Material for the task>
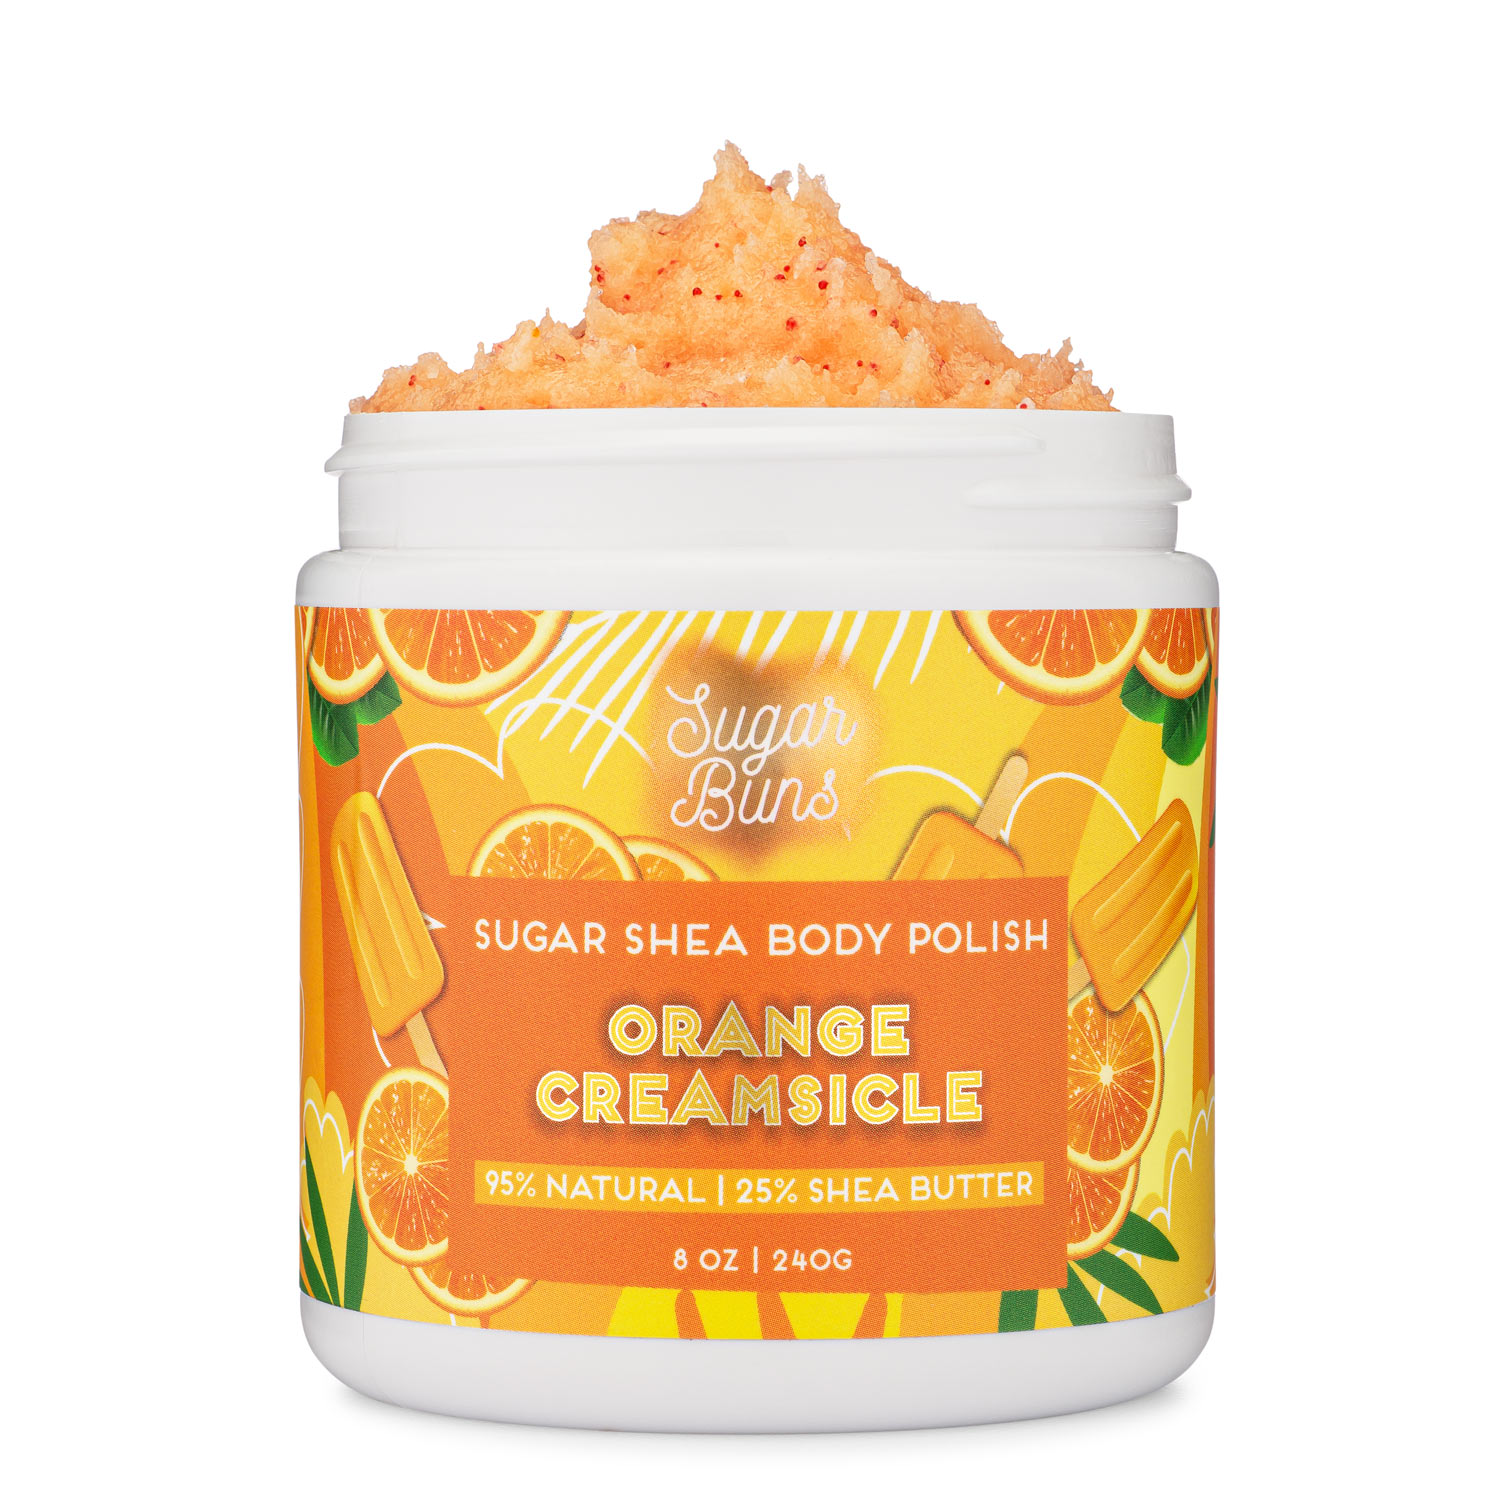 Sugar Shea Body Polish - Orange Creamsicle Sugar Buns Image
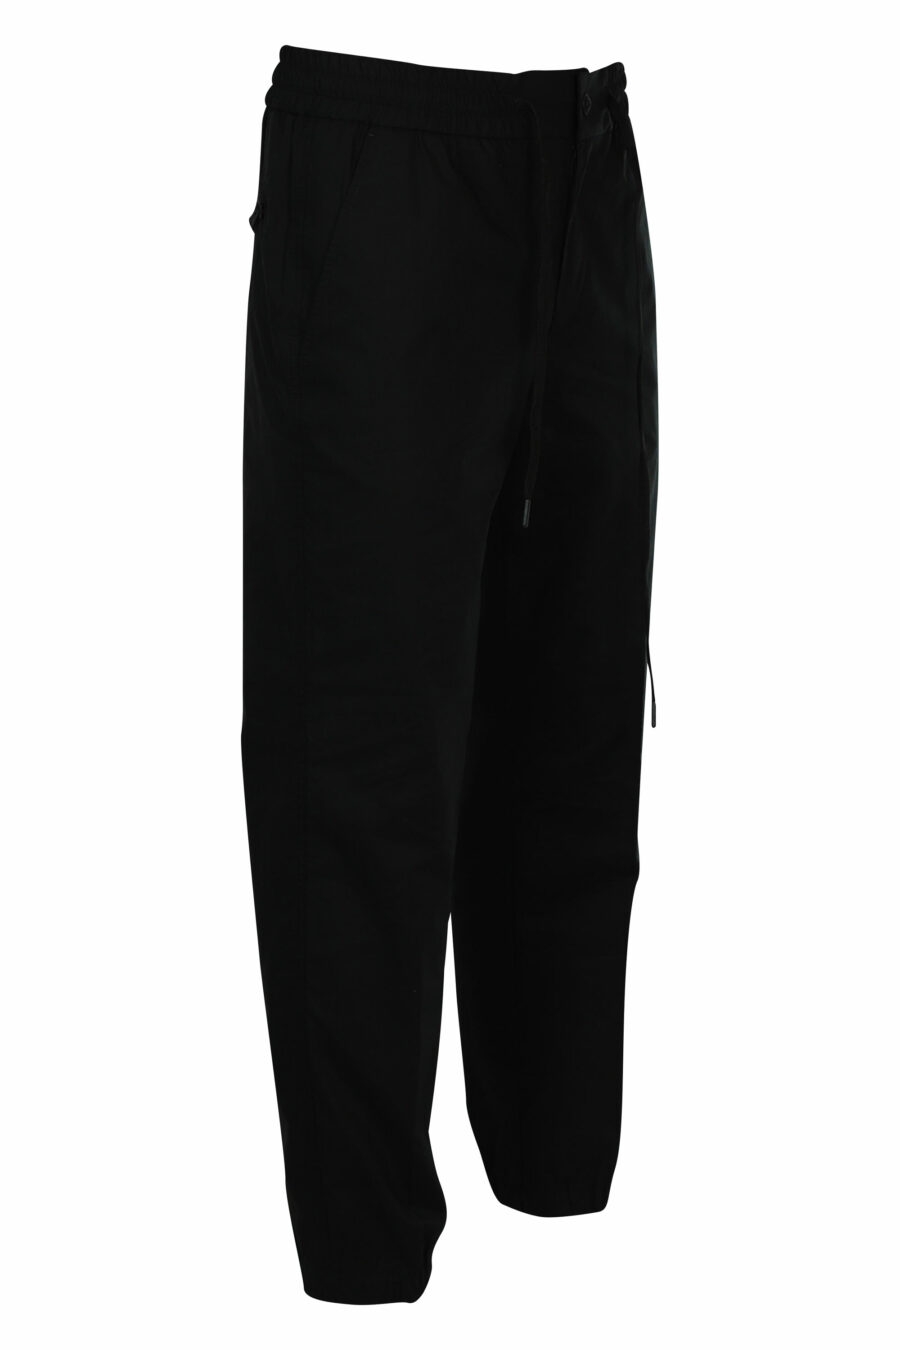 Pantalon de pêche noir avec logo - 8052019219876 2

...

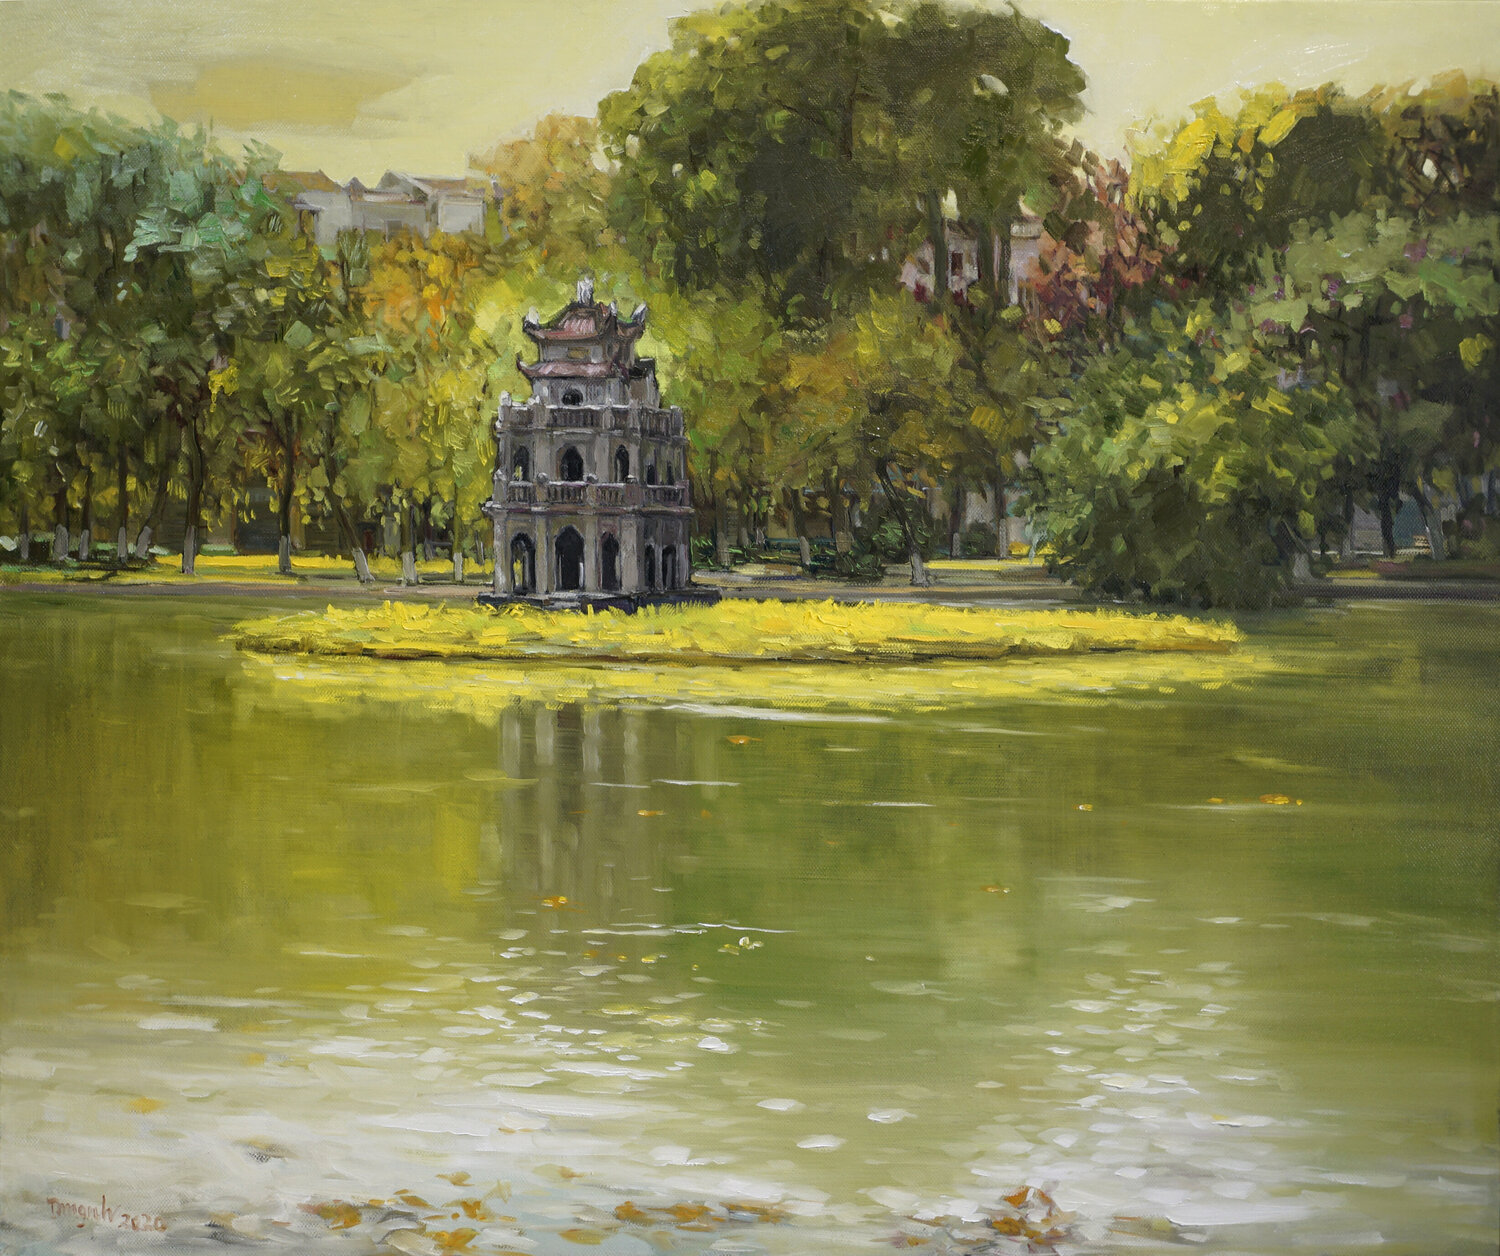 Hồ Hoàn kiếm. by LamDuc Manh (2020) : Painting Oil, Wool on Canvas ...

Task instructions> Each line between the one holding "Sugar Shea Body" and the one holding "Pantalon de pêche", inclusive, should be copied exactly as it appears above, and pictures should be omitted.

Written response>
 Sugar Shea Body Polish - Orange Creamsicle Sugar Buns Image
 Pantalon de pêche noir avec logo - 8052019219876 2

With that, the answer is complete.